Colombe Émilie Jessy Menos veut que le tourisme soit une priorité pour Haïti

La ministre du Tourisme, Colombe Émilie Jessy Menos, lors de la 41e conférence des «Lundis de la presse», a mis en évidence les principales actions qu’elle a menées à travers son programme baptisé « Zafè touris se zafè tout moun », les avancées, les difficultés et les perspectives dudit programme. Mme Menos dit relever à la fois de l’augmentation au niveau des arrivées touristiques, l’accompagnement des projets d’investissement touristique et l’absence de direction d’aménagement des sites touristiques.

Publié le 2018-05-10 | Le Nouvelliste

« Le MDT appuie près de huit projets d’investissement touristique, dont six dans l’hébergement et deux dans le transport touristique. Nous avons recensé une augmentation au niveau des arrivées touristiques, à savoir 1 188 314 touristes en 2015, 1 242 426 en 2016 et 1 480 797 en 2017. Ces 8 projets totalisent 35 251 092 dollars américains », a fait savoir Colombe Emilie Jessy Menos, titulaire du ministère de Tourisme. Dénombrant les avancées de son ministère en matière de tourisme, notamment des formations, des promotions, d’aménagement et de conservation des sites, Mme Menos entend mettre sur pied un comité de gestion afin de réaménager les différents sites touristiques à travers le pays.

Après avoir mis l’accent sur la mise en place d'un nouveau curriculum pour les élèves des écoles hôtelières du pays qui, d’après Mme Menos, répond aux normes et aux critères de toute la Caraïbe, elle a précisé que les écoles hôtelières et touristiques du pays allaient bénéficier d'une formation standard. Elle a réalisé un diagnostic institutionnel qui lui a permis de découvrir que le ministère dont elle tient les rênes depuis 14 mois n’est pas outillé pour remplir convenablement sa mission. « Le MDT n’est jamais outillé pour avoir une direction d’aménagement des sites touristiques », a-t-elle souligné.

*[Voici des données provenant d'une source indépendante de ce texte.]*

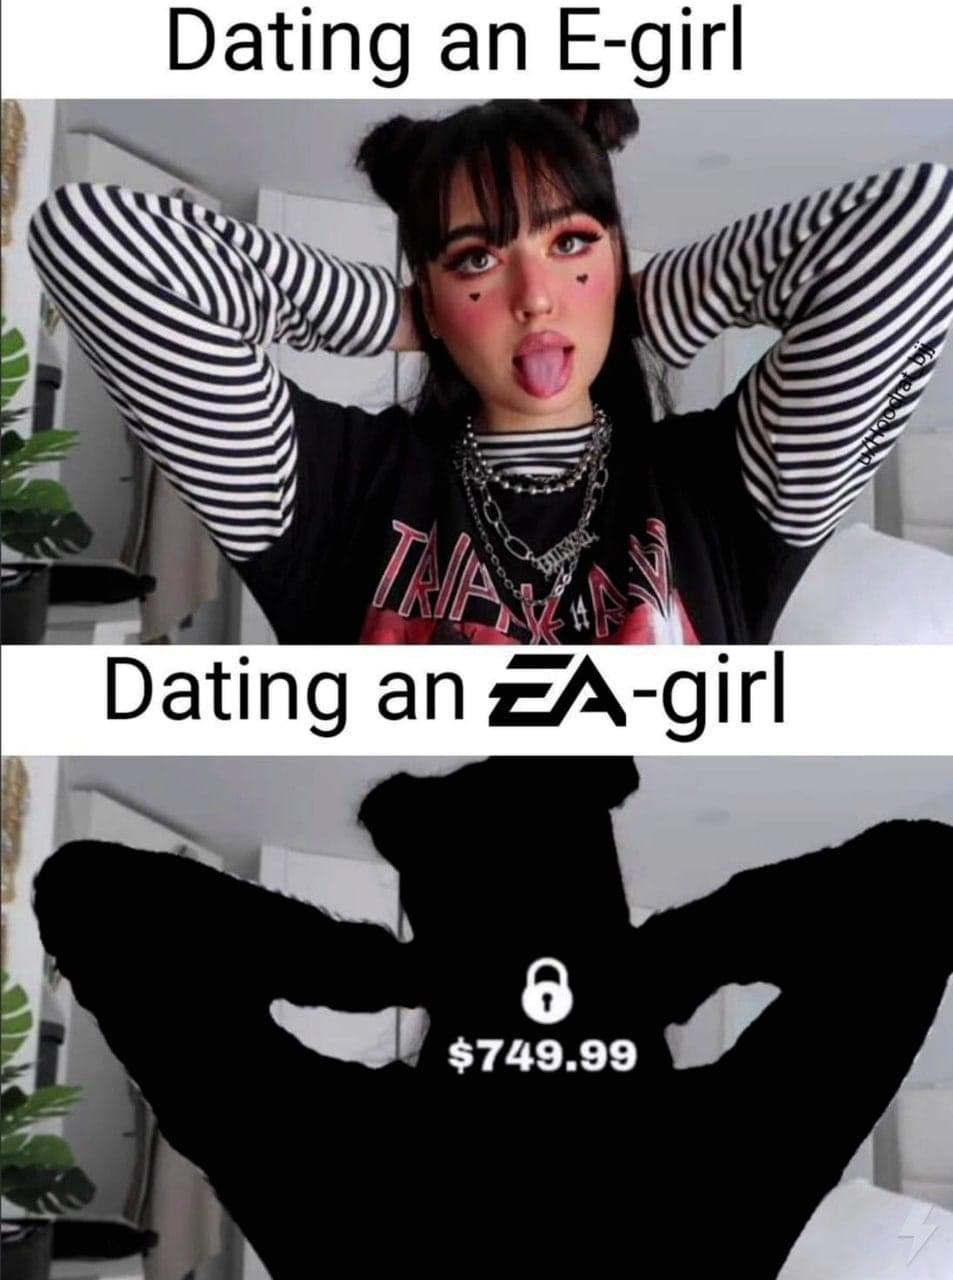 funny gaming memes - ea girl meme - Dating an Egirl Tra Dating an Eagirl O $749.99

Selon la ministre du Tourisme, le ministère du Tourisme est présent seulement dans 3 départements : le Nord, le Sud et le Sud-Est. L’absence d’un plan d’aménagement touristique, de direction nationale de croisière, de direction nationale de la logistique des sites, ajoute Mme Menos, figurent parmi les difficultés que connaît le ministère du Tourisme. « Pas de direction départementale dans le département de l’Ouest. Les travaux d’aménagement sont tombés en désuétude », a-t-elle expliqué

Mme Menos, qui veut que le MDT remplisse convenablement son vrai rôle dans le pays encourage des organismes de l’État et des entreprises privées à mettre la main à la pâte et à faire du tourisme leur priorité. « 79 pays au monde font du tourisme leur moteur de développement. Pourquoi en Haïti le tourisme ne devient-il pas une priorité ? Pourquoi aujourd’hui Haïti, avec toutes ces potentialités touristiques, ne peut pas recevoir entre 6 et 10 millions de touristes ? », se questionne la dirigeante du MDT, qui croit dur comme fer que le tourisme est le secteur le plus porteur pour l’économie nationale.

Tout en défendant l'idée que cette question doit intéresser tout le monde, le développement du secteur touristique, enchaîne Mme Menos, va passer par l’implication de tous les Haïtiens. Elle entend, dans les années à venir, créer des chambres d’hôtel et près de 450 emplois directs et 900 emplois indirects. « Si le secteur touristique est bien organisé, nous pourrons créer près de 50 emplois et 50 carrières », a-t-elle renchéri, tout en soulignant que, quel que soit l’investissement effectué dans le secteur touristique, les retombées se feront sentir dans moins de deux ans. Elle promet de déposer une proposition de loi au Parlement haïtien pour régulariser le secteur touristique.

Conscientes de l'insalubrité et de l’insécurité qui affectent les arrivées touristiques dans le pays, la ministre Menos soutient qu’elle travaille de concert avec d’autres institutions, notamment le ministère de la Santé publique et de la Population, la Police nationale d’Haïti (PNH), le ministère des Haïtiens vivant à l’étranger (MHAVE), le ministère de l’Environnement en vue d’accueillir les potentiels touristes aux fêtes champêtres de cette année. Elle veut augmenter le nombre des policiers formant la Police touristique (POLITOUR) pour atteindre un nombre de 500 policiers.